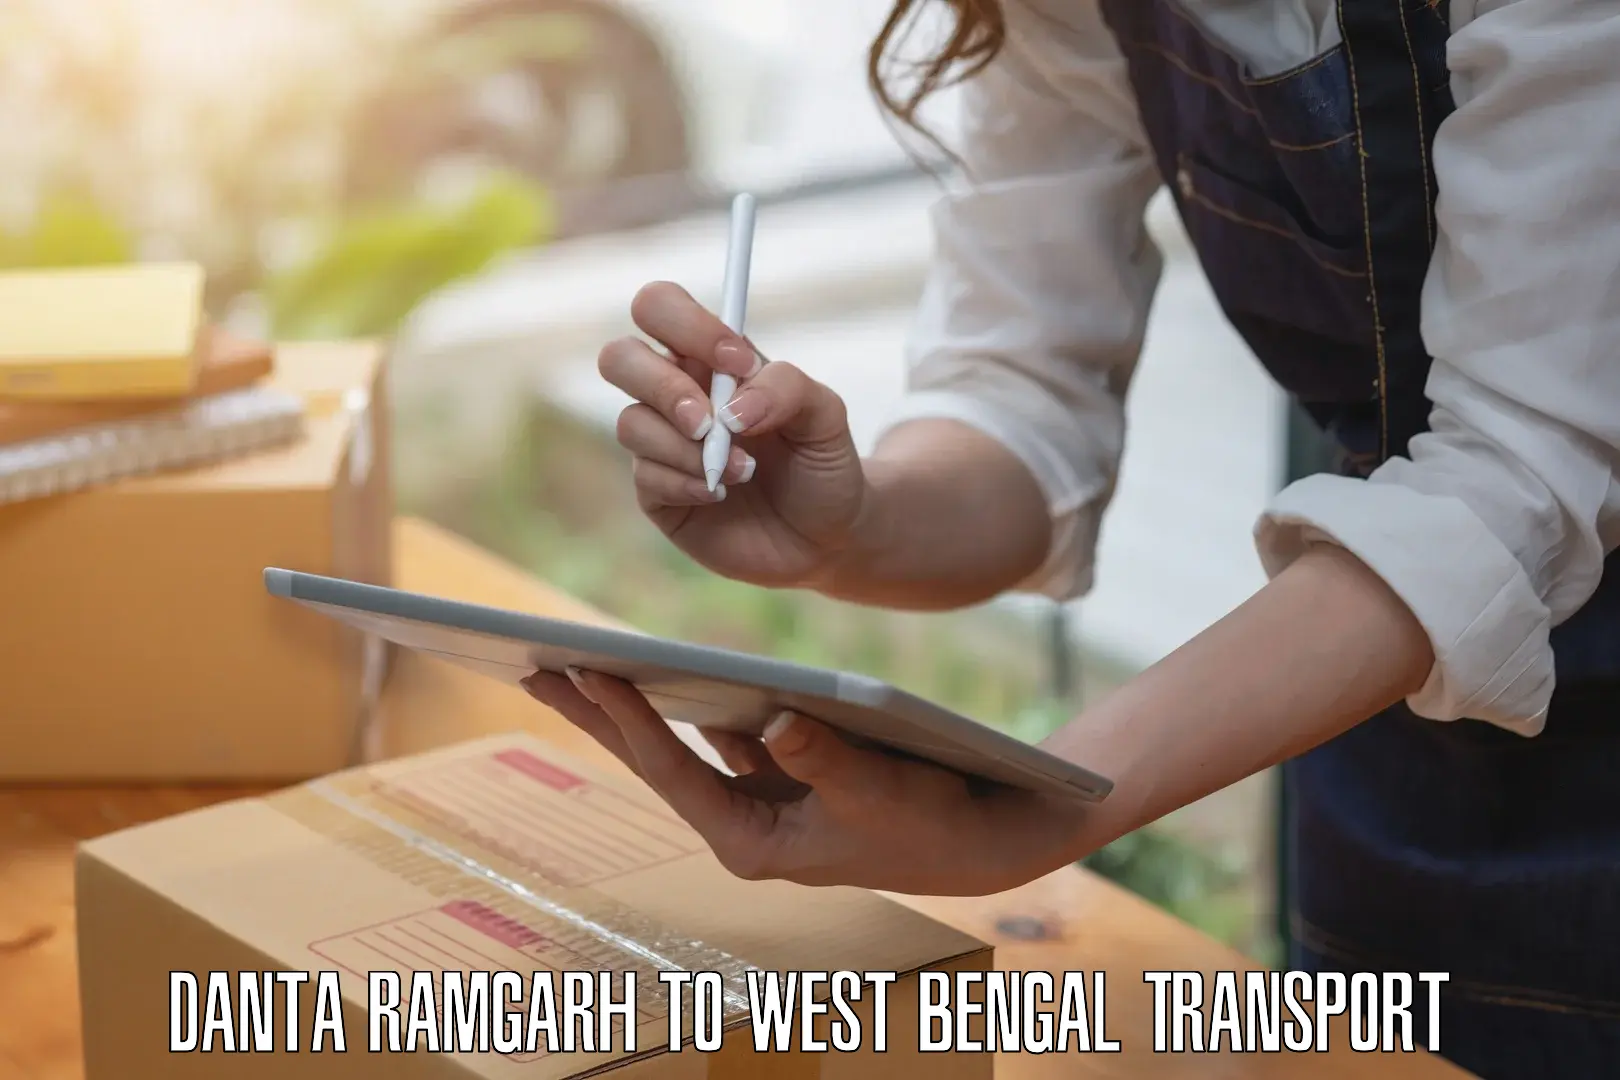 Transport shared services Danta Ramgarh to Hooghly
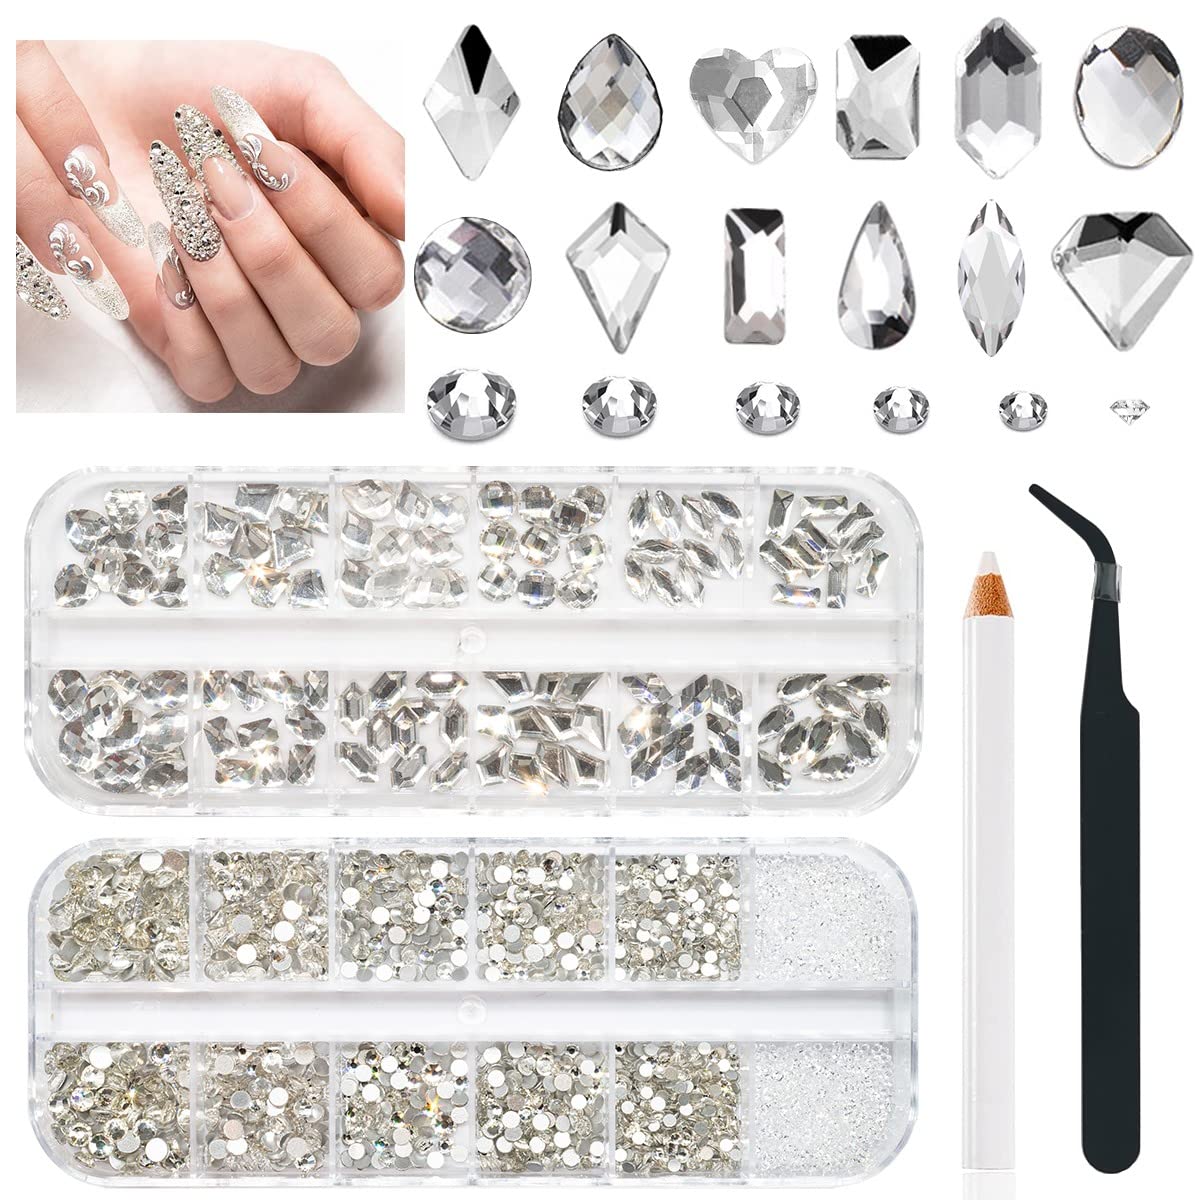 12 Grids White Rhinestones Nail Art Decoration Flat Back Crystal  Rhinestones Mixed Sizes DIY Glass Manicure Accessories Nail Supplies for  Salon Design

* * * *

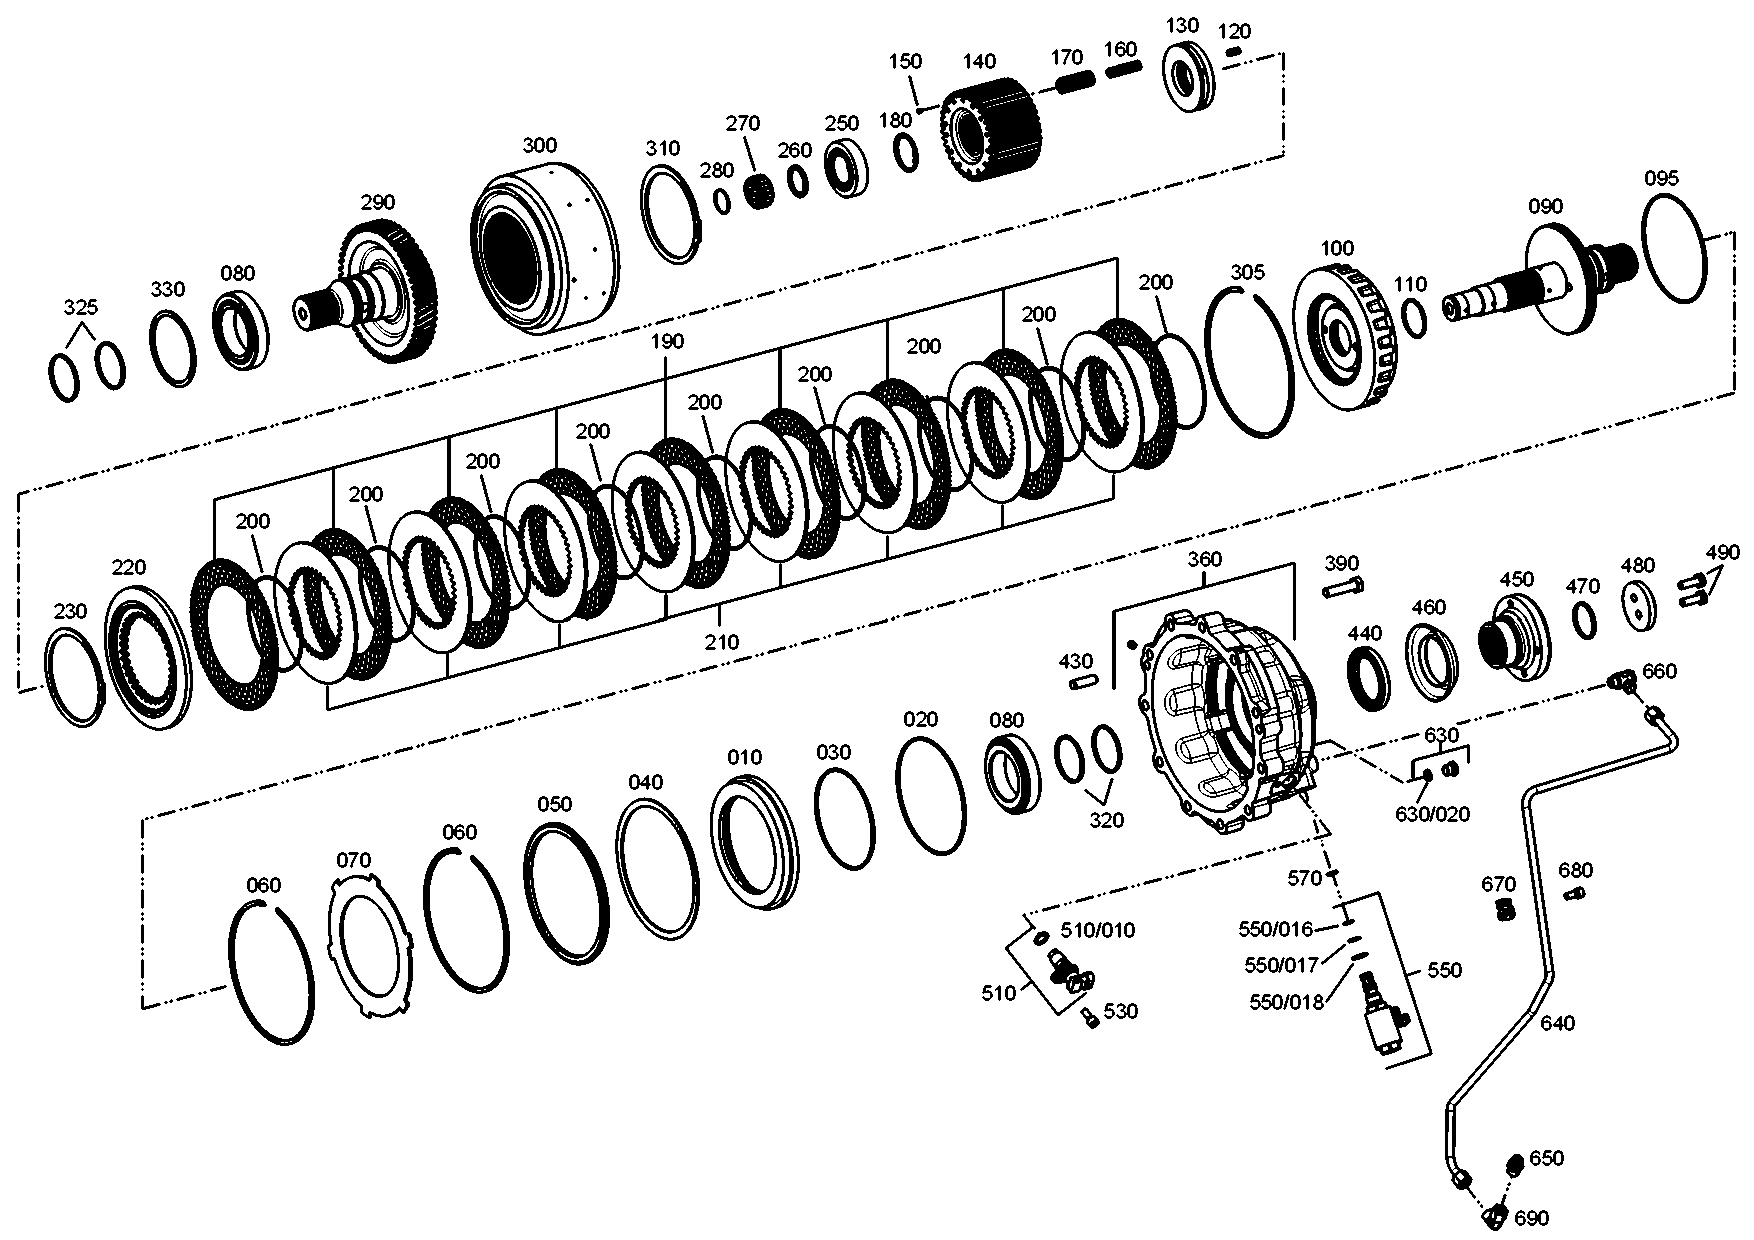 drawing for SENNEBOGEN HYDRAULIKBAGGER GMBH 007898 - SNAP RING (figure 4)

* * * *

## Work item
The stretch above running from the line with "Transport shared services" through the line with "12 Grids White" is all you should copy, exactly, leaving out the pictures.

## Output for this exercise
 Transport shared services Danta Ramgarh to Hooghly
 12 Grids White Rhinestones Nail Art Decoration Flat Back Crystal  Rhinestones Mixed Sizes DIY Glass Manicure Accessories Nail Supplies for  Salon Design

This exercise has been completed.